These results contrast a previous study concluding that the combination of Scopus, CINAHL and ProQuest Dissertations and Thesis Global (hereafter referred to as ProQuest) contributed to the highest number of unique references for qualitative SRs . ProQuest was not investigated in this study, as unpublished references were excluded. However, this only comprised two references and ProQuest would therefore not be expected to retrieve a high number of unique references. In alignment with previous findings [7, 26], our data showed that CINAHL retrieved the highest number of unique references (excluding Google Scholar), therefore suggesting CINAHL to be highly relevant when searching literature for qualitative diabetes mellitus research. CINAHL focuses on nursing and allied health research, a content that may be too narrow when researching multi- or interdisciplinary health science literature. In these cases, multidisciplinary databases such as Scopus and Web of Science could prove higher yielding . Therefore, the nature of the research questions should be carefully considered when deciding the optimum combination of databases.

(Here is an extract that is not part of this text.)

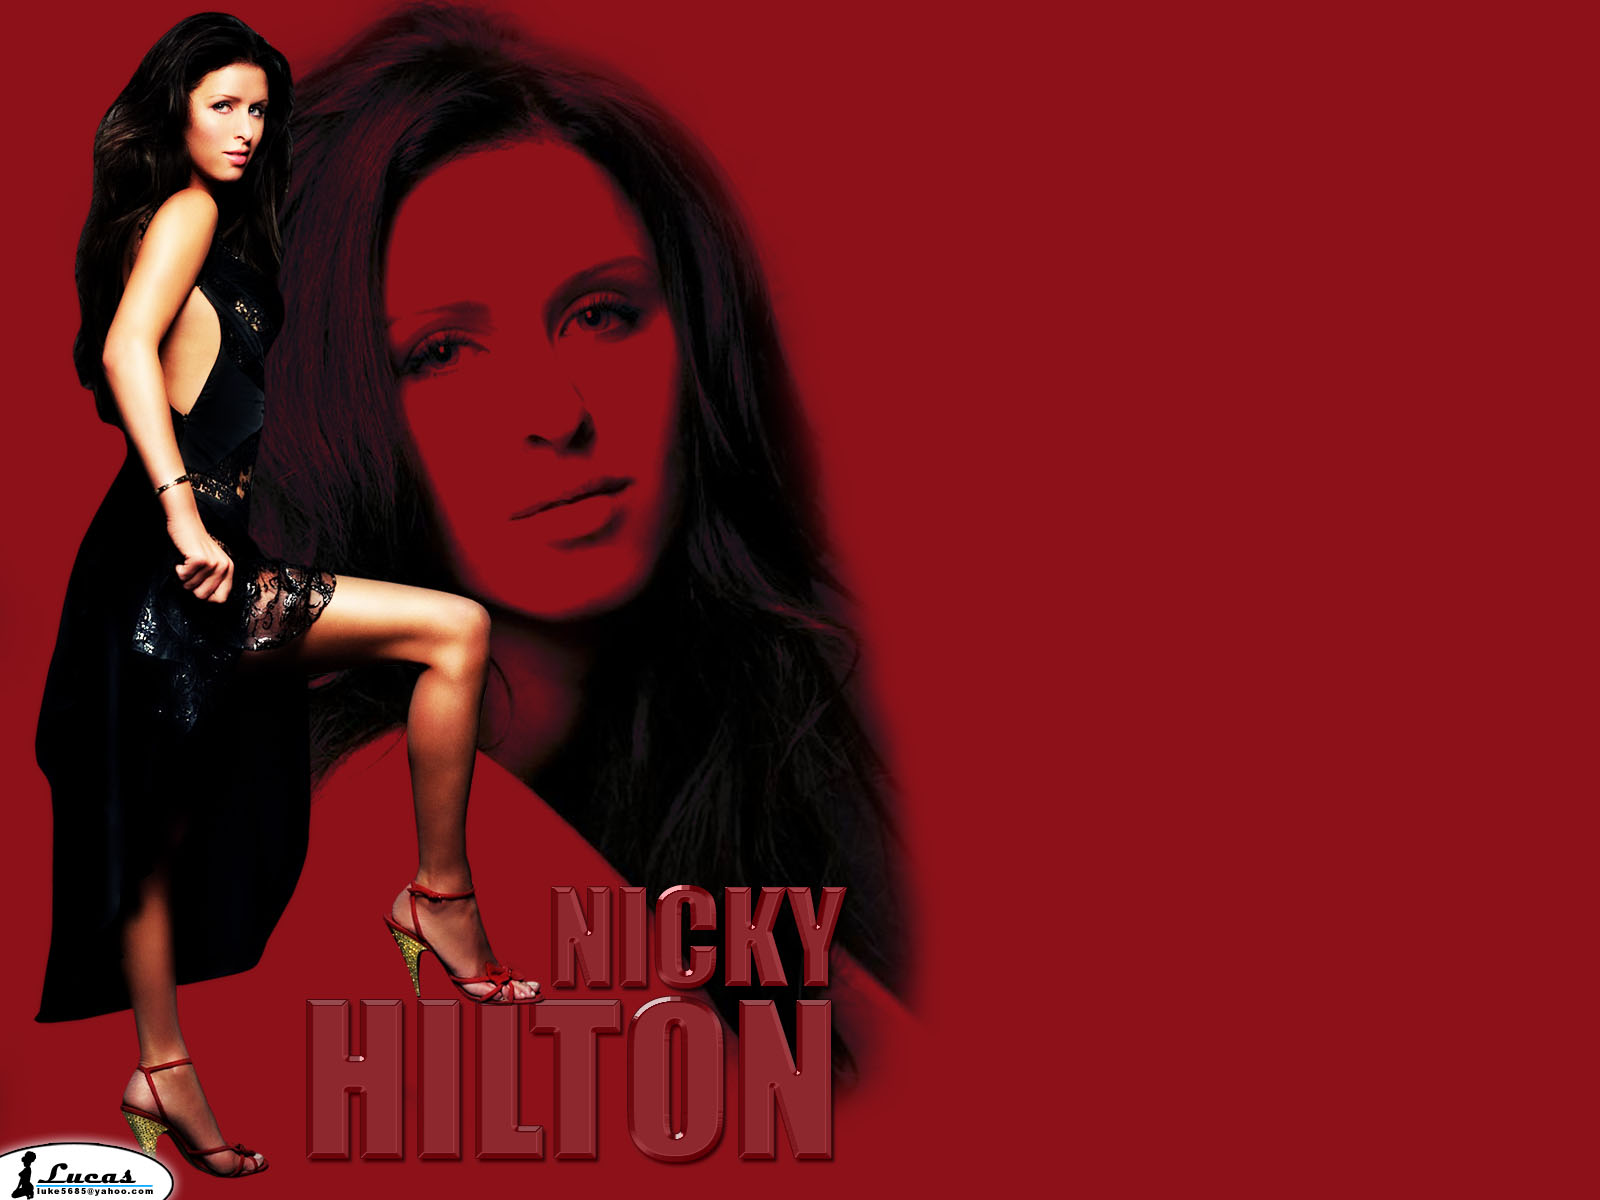 Nicky hilton 6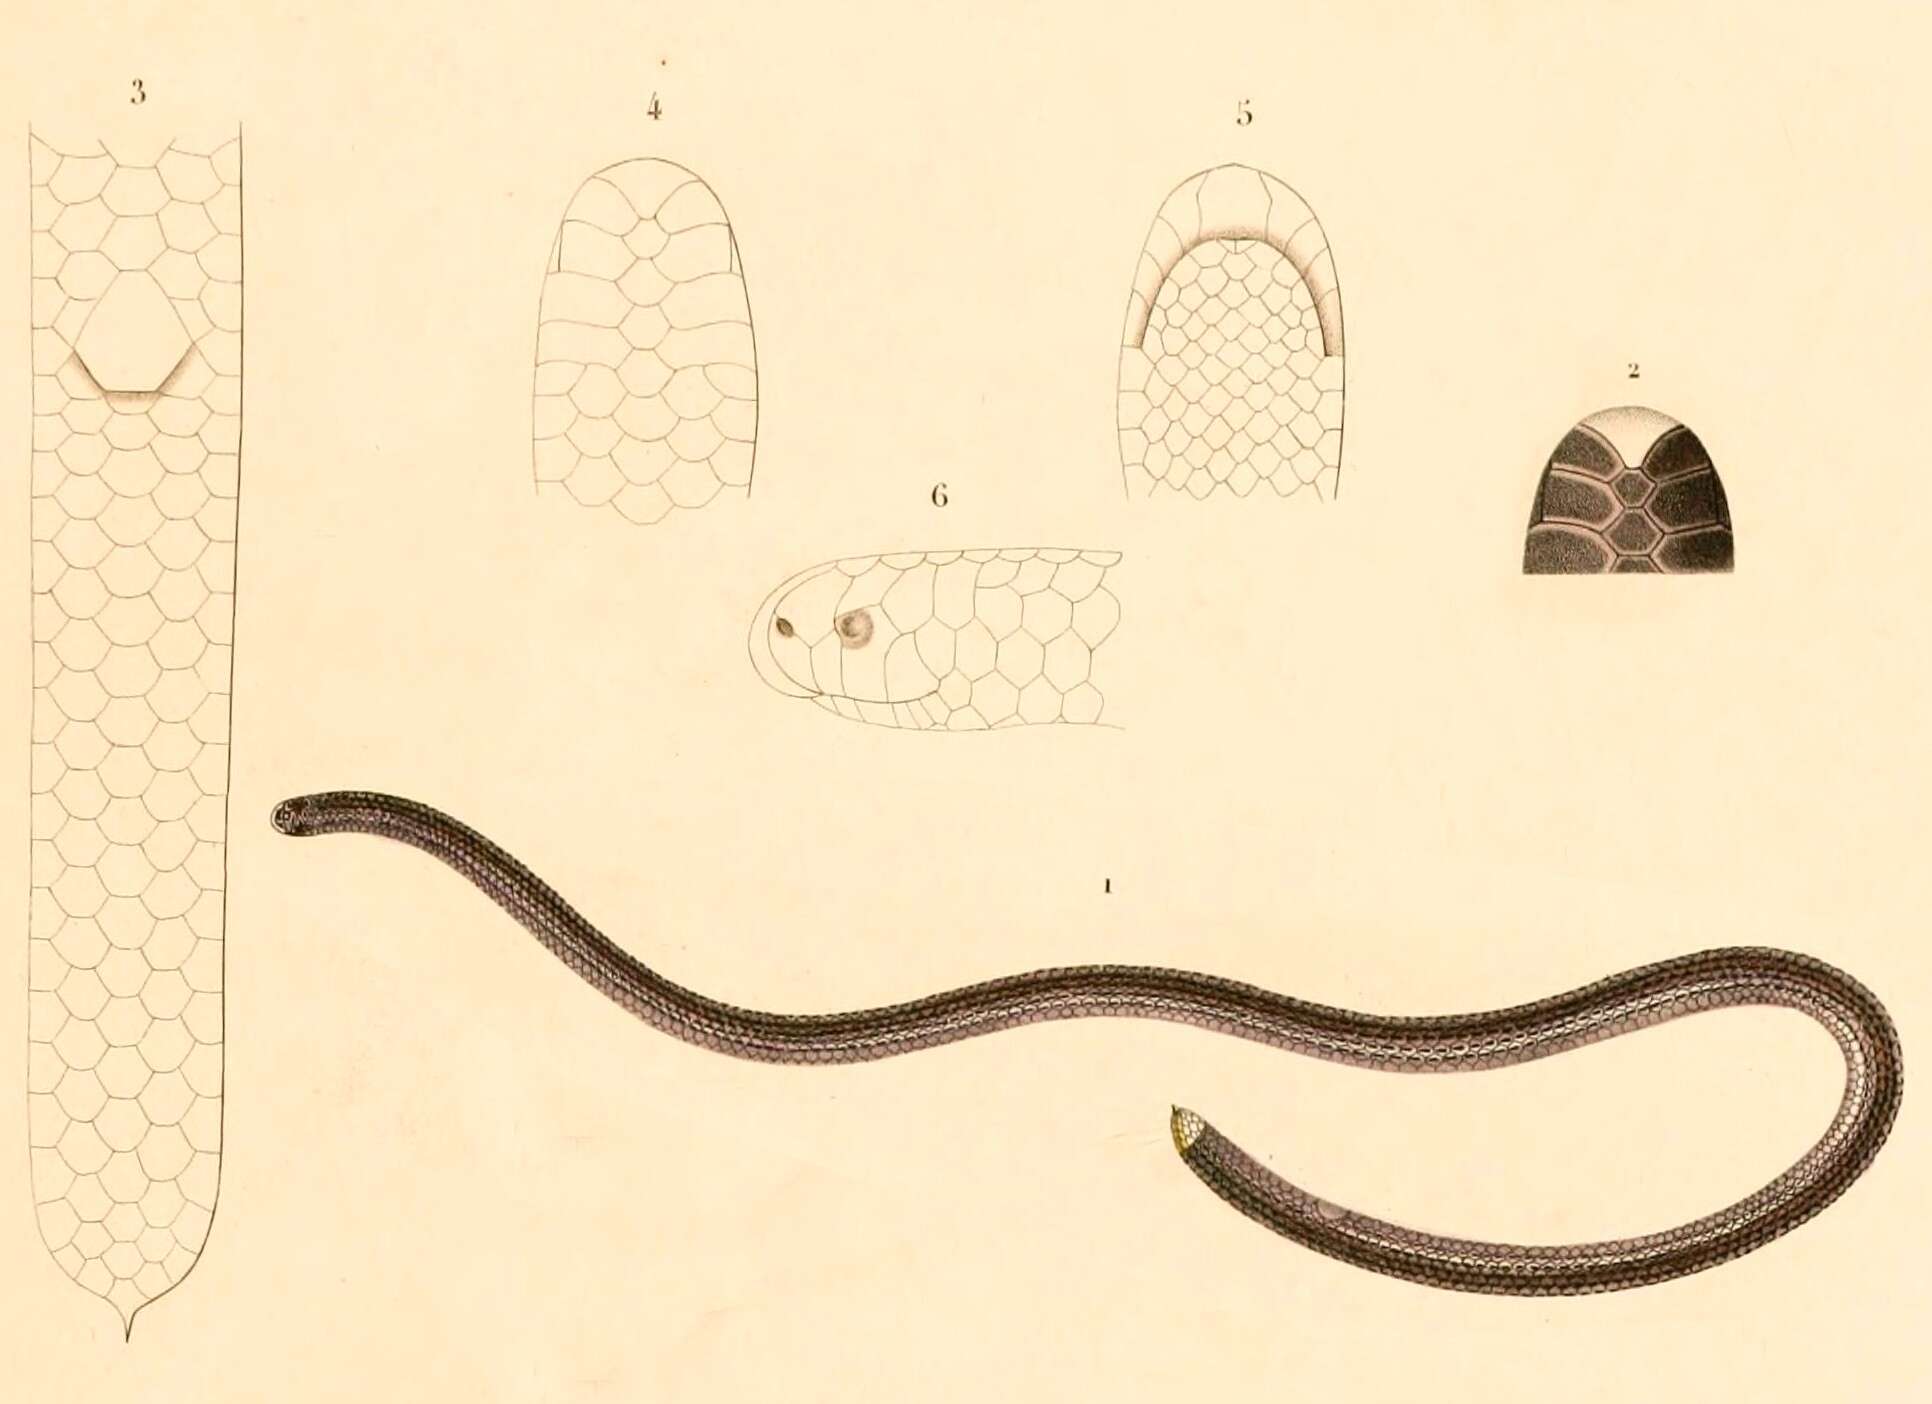 Image of Guyana blind snake

Google Scholar had the highest individual overall recall rate in this study (97%) and adds further value with the identification of grey literature . However, databases such as ProQuest and GreySource offer similar access to grey literature. Despite the advantages of Google Scholar, its precision in structured literature searches has previously reported to be low [22, 23]. Google Scholar has many significant limitations, including search expressions being limited to 256 characters, displaying a maximum of 1000 results of the complete results without explaining how the order of results has been made and no bulk export options. Therefore, this search engine has previously been assessed as inadequate as a standalone resource for data gathering, when conducting comprehensive search activities, such as SRs . We recommend Google Scholar be used as a supplement to the traditional scientific database searches in order to enhance retrieval of unique or unpublished references.

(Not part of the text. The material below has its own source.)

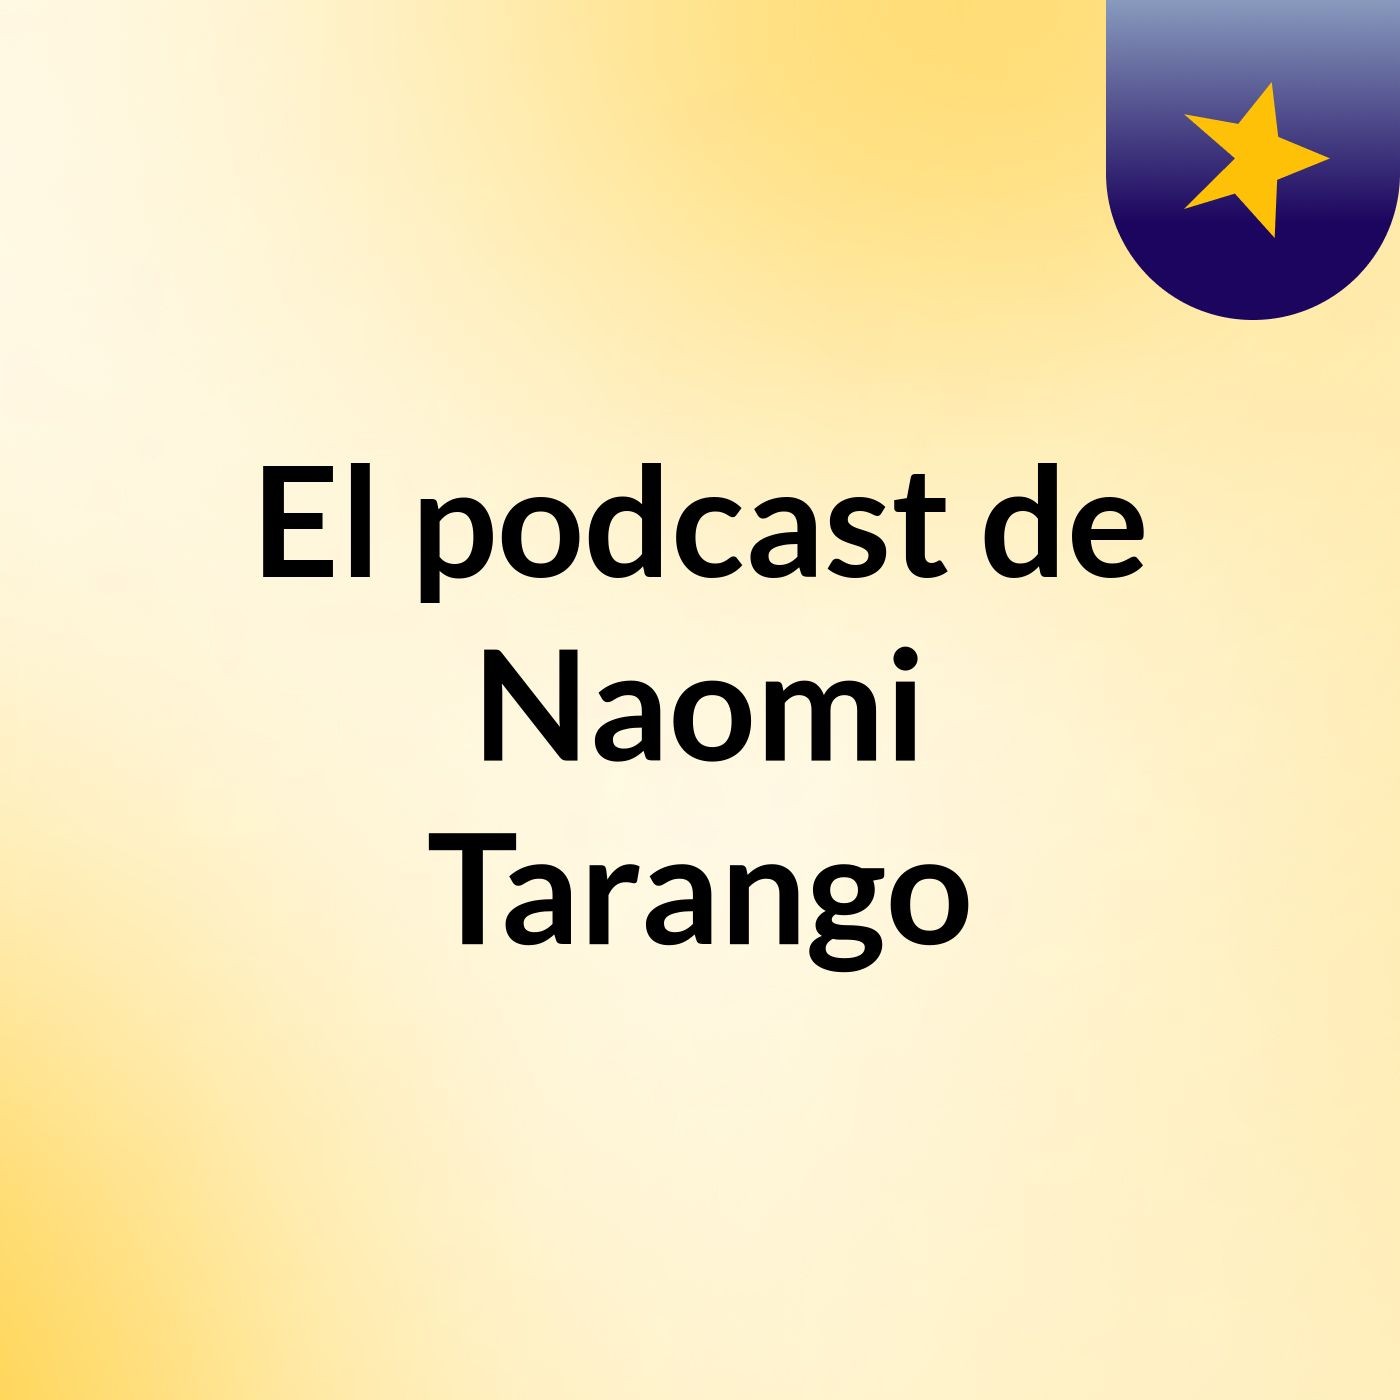 El podcast de Naomi Tarango

The majority of SRs searched reference lists of the included articles, similar to previous findings . It can be argued that a comprehensive search in the optimal combination of databases would render the search of reference lists redundant, which our data on overall recall rates supports. However, whether a reference is present in a database does not directly translate into it being found with a given search string. In conclusion, searching reference lists is a valid way of searching for additional references not found by database searches alone. Two of the 26 SRs used either an information specialist or a search filter developed by an information specialist. These results contradicts a prior quantitative study that reported 51% of SRs used a librarian, though only 64% of these SRs actually reported this use . Although, our findings are insufficient in making recommendations, we recommend consulting an information specialist before conducting database searches due to the challenge of each database requiring different search strings.
MEDLINE and PubMed were treated as one database due to the major overlap of references to avoid misleading results. However, it might be relevant to treat them as independent databases when conducting academic literature searches. PubMed includes all MEDLINE references as well as up-to-date citations, books and book chapters, and references from journals not indexed in MEDLINE, such as PMC journals [14, 29]. The larger quantity of content in PubMed compared to MEDLINE (91% of PubMed content is indexed in MEDLINE ,) might contribute to more relevant references when conducting a SR. On the other hand, PMC literature has been criticized for potentially reducing the quality of PubMed, due to its informal reevaluation process (prior to 2017), though most manuscripts in PMC are also published in MEDLINE indexed journals . For these reasons, we recommend the use of PubMed over MEDLINE.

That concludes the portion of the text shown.